Workers fail to process traffic due to a PF_RING problem

Hi all,

I’ve noticed a problem with the cluster where some workers do not start. I can tell this by looking at the stats from broctl using “netstats”, “status”, and “ps.bro”.

It seems there is a problem with how PF_RING is used or PF_RING itself. (Or maybe my setup.) Has anyone else encountered this problem and started trying to isolate it ?

Restarting the worker seems to make it “work” again.
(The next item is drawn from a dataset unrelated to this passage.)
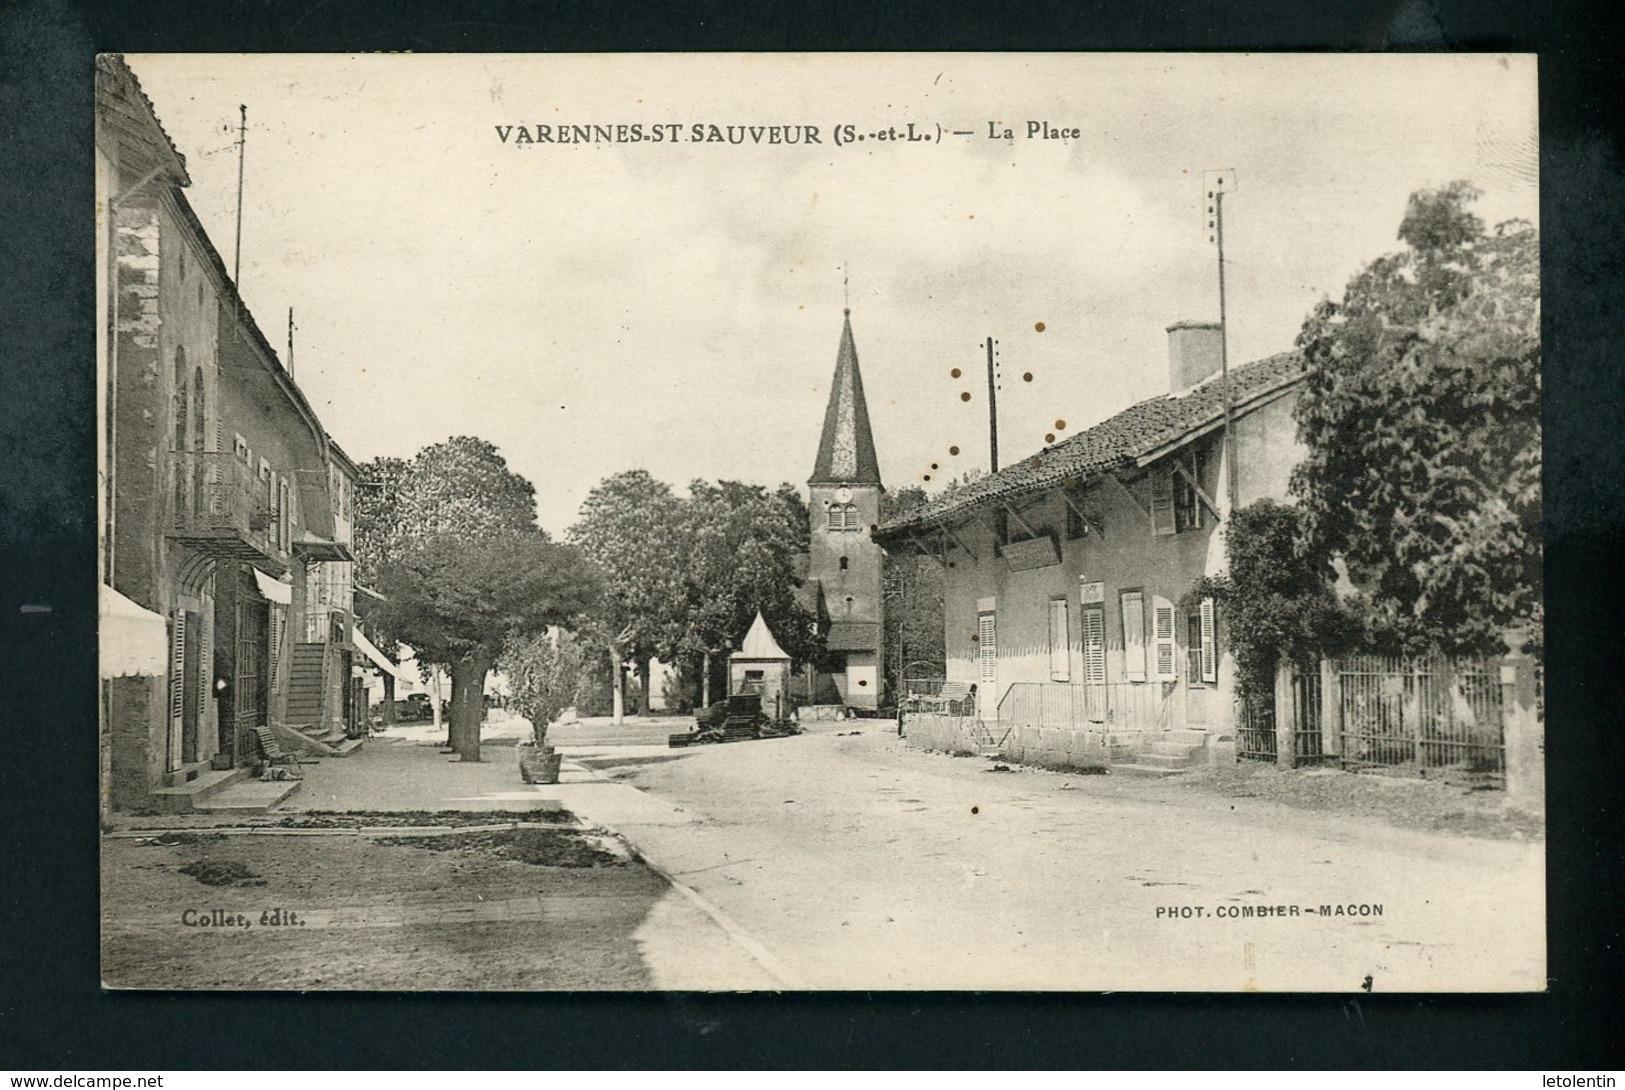 CPA: 71 - VARENNES-St-SAUVEUR - LA PLACE - France

This phenomenon seems to happen almost every time I start the cluster. Some times, on some nodes, more than one worker is affected.

If it helps to know I am using PF_RING from SVN 2013-03-19 and have experienced the issue with all previous versions. Bro is 2.1-380.

I searched the bug/problem tracker at http://tracker.bro.org/bro without result. If this is something not resolved by mailing list and worth tracking in a ticket I will set it up.

Thanks,

–TC

Examples. Via netstats, notice worker-1-4 is lame.

[BroControl] > netstats
worker-1-1: 1363895818.282736 recvd=29542788 dropped=4 link=29542788
worker-1-10: 1363895818.482747 recvd=20389244 dropped=1 link=20389244
worker-1-11: 1363895818.682289 recvd=24803977 dropped=1 link=24803977
worker-1-12: 1363895818.882953 recvd=28730644 dropped=1 link=28730644
worker-1-13: 1363895819.082850 recvd=19810612 dropped=0 link=19810612
worker-1-14: 1363895819.290962 recvd=22651710 dropped=0 link=22651710
worker-1-15: 1363895819.490876 recvd=27415776 dropped=0 link=27415776
worker-1-16: 1363895819.694541 recvd=21634742 dropped=0 link=21634742
worker-1-17: 1363895819.895422 recvd=20572973 dropped=0 link=20572973
worker-1-18: 1363895820.095018 recvd=25490613 dropped=2 link=25490613
worker-1-19: 1363895820.298648 recvd=19699362 dropped=0 link=19699362
worker-1-2: 1363895820.499099 recvd=23931030 dropped=1 link=23931030
worker-1-20: 1363895820.699632 recvd=21769411 dropped=0 link=21769411
worker-1-3: 1363895820.899525 recvd=21604270 dropped=1 link=21604270
worker-1-4: 1363895821.102857 recvd=0 dropped=0 link=0
worker-1-5: 1363895821.307124 recvd=22320056 dropped=0 link=22320056
(…cut…)

Find what PID worker-1-4 is using by checking broctl “status”.

[BroControl] > status
Name Type Host Status Pid Peers Started
(…cut…)

worker-1-4 worker 10.1.1.1 running 17618 2 21 Mar 12:20:21
(…cut…)

Go check the PF_RING stats for PID 17618

root@bro:/home/bro# cat /proc/net/pf_ring/17618-eth5.9
Bound Device(s) : eth5
Active : 1
Breed : Non-DNA
Sampling Rate : 1
Capture Direction : RX+TX
Socket Mode : RX+TX
Appl. Name :
IP Defragment : No
BPF Filtering : Enabled

Sw Filt. Rules : 0

Hw Filt. Rules : 0

Poll Pkt Watermark : 1
Num Poll Calls : 16161864
Channel Id Mask : 0xFFFFFFFF
Cluster Id : 20
Slot Version : 15 [5.5.3]
Min Num Slots : 6966
Bucket Len : 9600
Slot Len : 9632 [bucket+header]
Tot Memory : 67108864
Tot Packets : 0
Tot Pkt Lost : 0
Tot Insert : 0
Tot Read : 0
Insert Offset : 0
Remove Offset : 0
TX: Send Ok : 0
TX: Send Errors : 0
Reflect: Fwd Ok : 0
Reflect: Fwd Errors: 0
Num Free Slots : 6966

No packets huh. Must be something with how PF_RING is used or PF_RING itself. What does restarting the worker do ?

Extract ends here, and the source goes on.